Jay Nelson Tuck (1916–1985) was a journalist, television critic and president of The Newspaper Guild of New York City. He held reporting and editing posts at the New York World-Telegram and Sun, The New York Post and at Medical World News, a magazine of McGraw Hill.

==Youth==
Born in Chapel Hill, North Carolina on June 24, 1916, under the name Osborn La Roux Goforth Jr., he had difficult childhood. His mother Natalie was a dancer with the Ziegfeld Follies in the Roaring Twenties, his father, Osborn Goforth, a salesman who abandoned the family. When his mother resumed her maiden name, Natalie Tuck, she renamed her son Jay Nelson Tuck. In 1928, Natalie went bankrupt and her young son was sent to the orphanage “Sheltering Arms”.

==Education==
Despite childhood poverty, the young Tuck was admitted to the prestigious Lincoln School, associated with Columbia University, and later to Horace Mann School, an elite educational institution for the wealthy. His college studies at Columbia University in New York were interrupted by the Great Depression. Like millions of others, Tuck hitched rides on freight trains, shared campfires with the homeless and survived on Salvation Army soup. After two years, he was able to return and graduate from Columbia in 1938. He married Margaret Cox in New York and later had two sons, Travis Tuck and Jay Tuck.

==Conscientious Objector in WW II==
Throughout his life, Jay Nelson Tuck was a strong-willed man guided by his moral convictions. During World War II, he took a pacifist position. Refusing military service he became a conscientious objector and organized rallies for the pacifist movement.
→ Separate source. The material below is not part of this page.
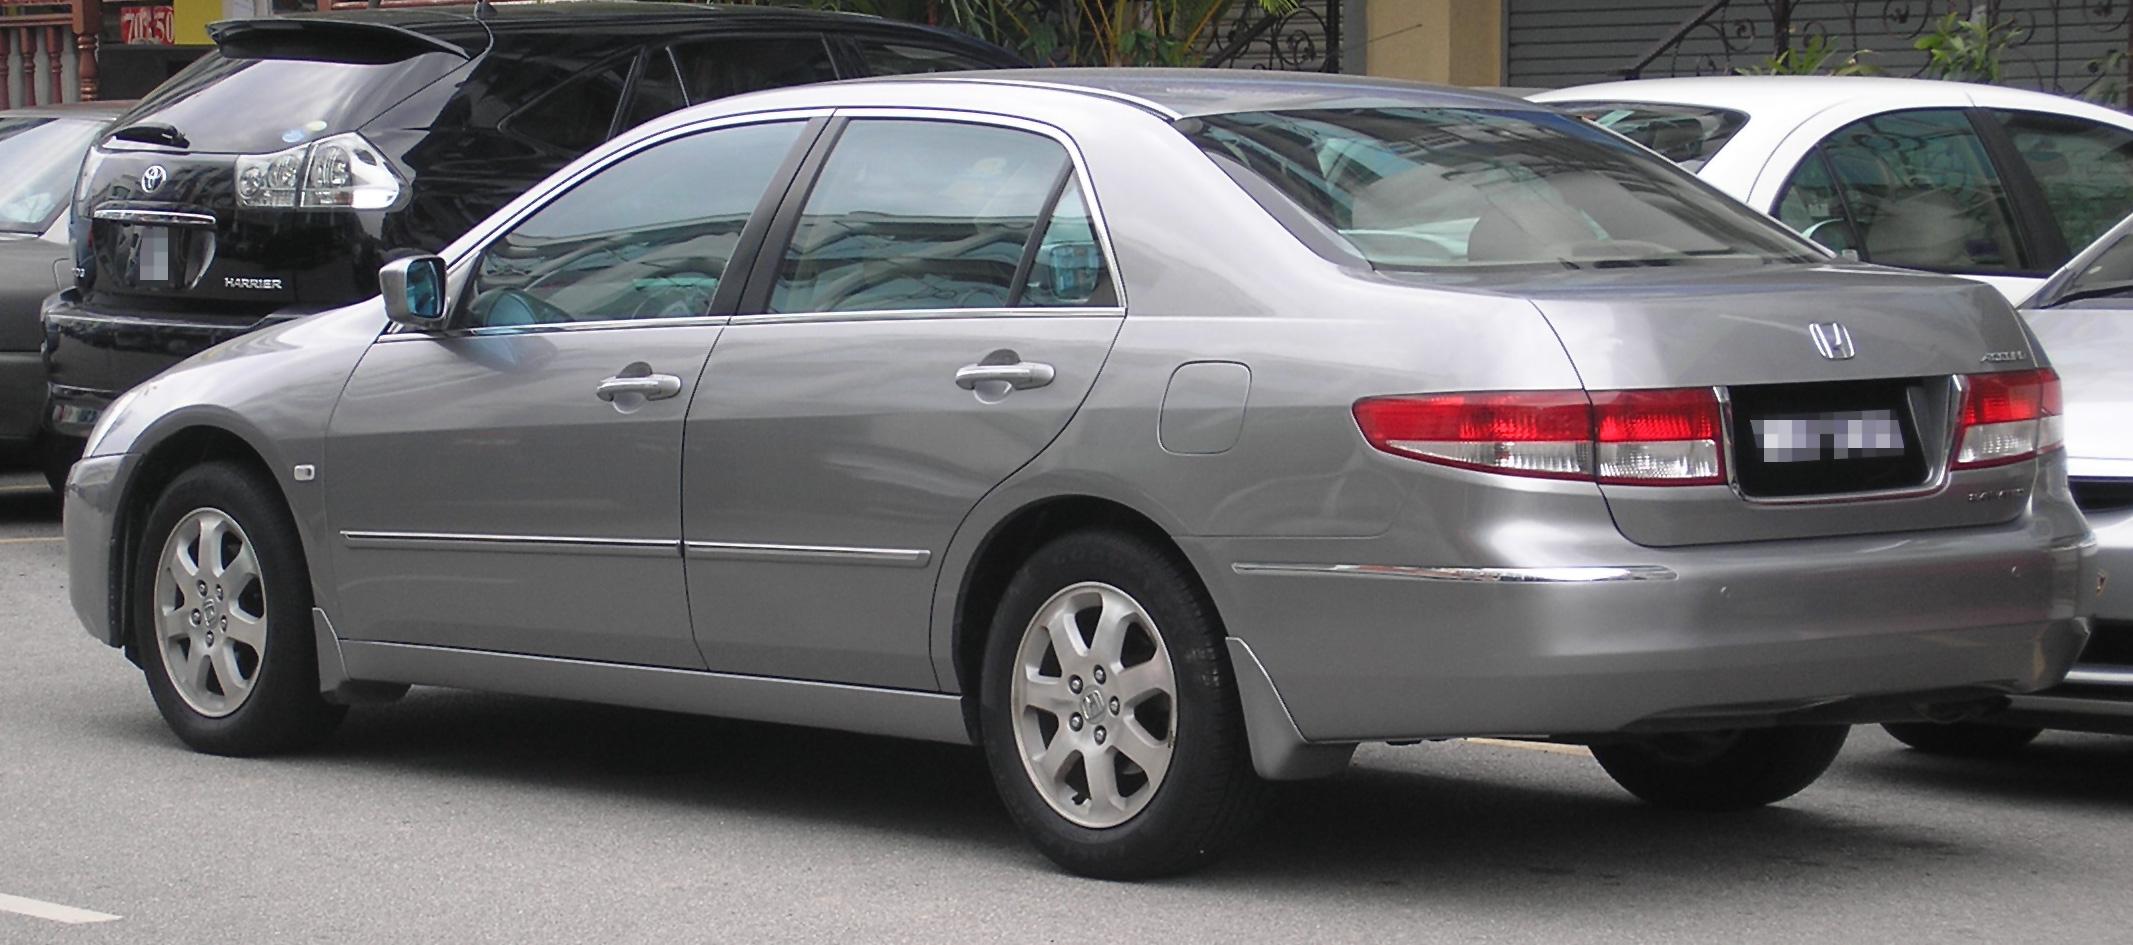 2007 Honda Accord >> File:Honda Accord (seventh generation) (rear), Serdang.jpg - Wikimedia Commons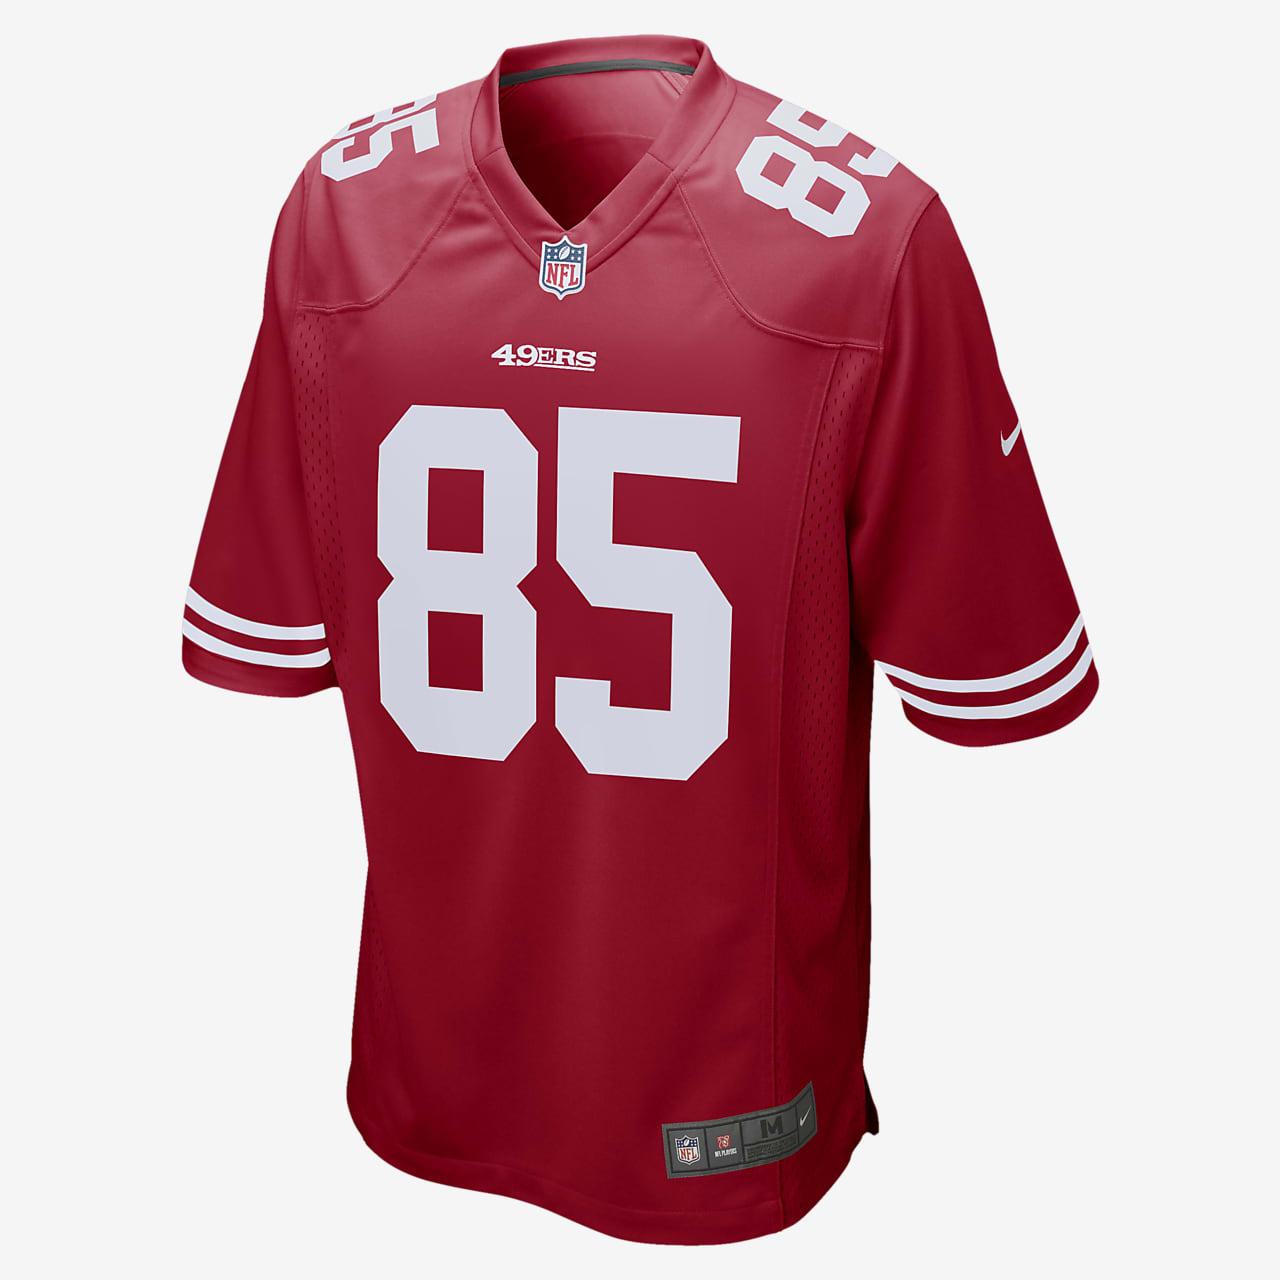 NFL San Francisco 49ers (George Kittle) Men's Game Football Jersey

He was an outspoken leader of the War Resisters League and edited a monthly newspaper, The Conscientious Objector.

==New York Post==
Jay Nelson Tuck held reporting and editing posts at the World-Telegram and Sun and The New York Post. He was a strong believer in unions. Between 1950 and 1952, he co-founded the Newspaper Guild of New York, was elected its president and presided over a 10-week strike at the World Telegram and Sun. As investigative reporter for the New York Post, then a politically liberal newspaper, he covered the shooting of two defendants in the racially charged Groveland rape case (dubbed the "Little Scottsboro case" because of its resemblance to the notorious 1931 case in Alabama) by Sheriff Willis McCall in Florida. His reporting won Tuck the George Polk Award for distinguished journalism in 1952.

==Television critic==
As a television critic in the mid-1950s and 1960s, Tuck authored the column “On the Air” daily for the New York Post. His sharp-tongued opinions became a major force in the East Coast media of the time. He was a prominent critic of the McCarthy Era. Known for his humor, he also contributed cartoon ideas and satires to the work of his journalist colleagues, for example at the humoristic Yuk Yuk Department of the Post.

==Author==
Together with Norma Vergara, Jay Nelson Tuck authored the non-fiction historical book Heroes of Puerto Rico, featuring the biographies of eleven Puerto Ricans who, from the eighteenth century to the present day, contributed to the emancipation and development of their island.
Fleet Press Corp, March 1970 - 141 pages hardcover

ISBN 0830300708
ISBN 978-0830300709

In later years, Tuck worked as Managing Editor for Confidential Magazine and as editor of the similar Whisper magazine. He was also a writer for Medical World News, a magazine published by McGraw Hill and a free-lancer.

Jay Nelson Tuck died of lung cancer at his home in Lafayette Township, New Jersey at the age of 69. He was survived by his wife, Lynne Weiner Tuck, a medical writer; his former wife, Margaret Tuck; and two sons from his first marriage, Travis of Martha's Vineyard and Jay Jr. of Hamburg, Germany.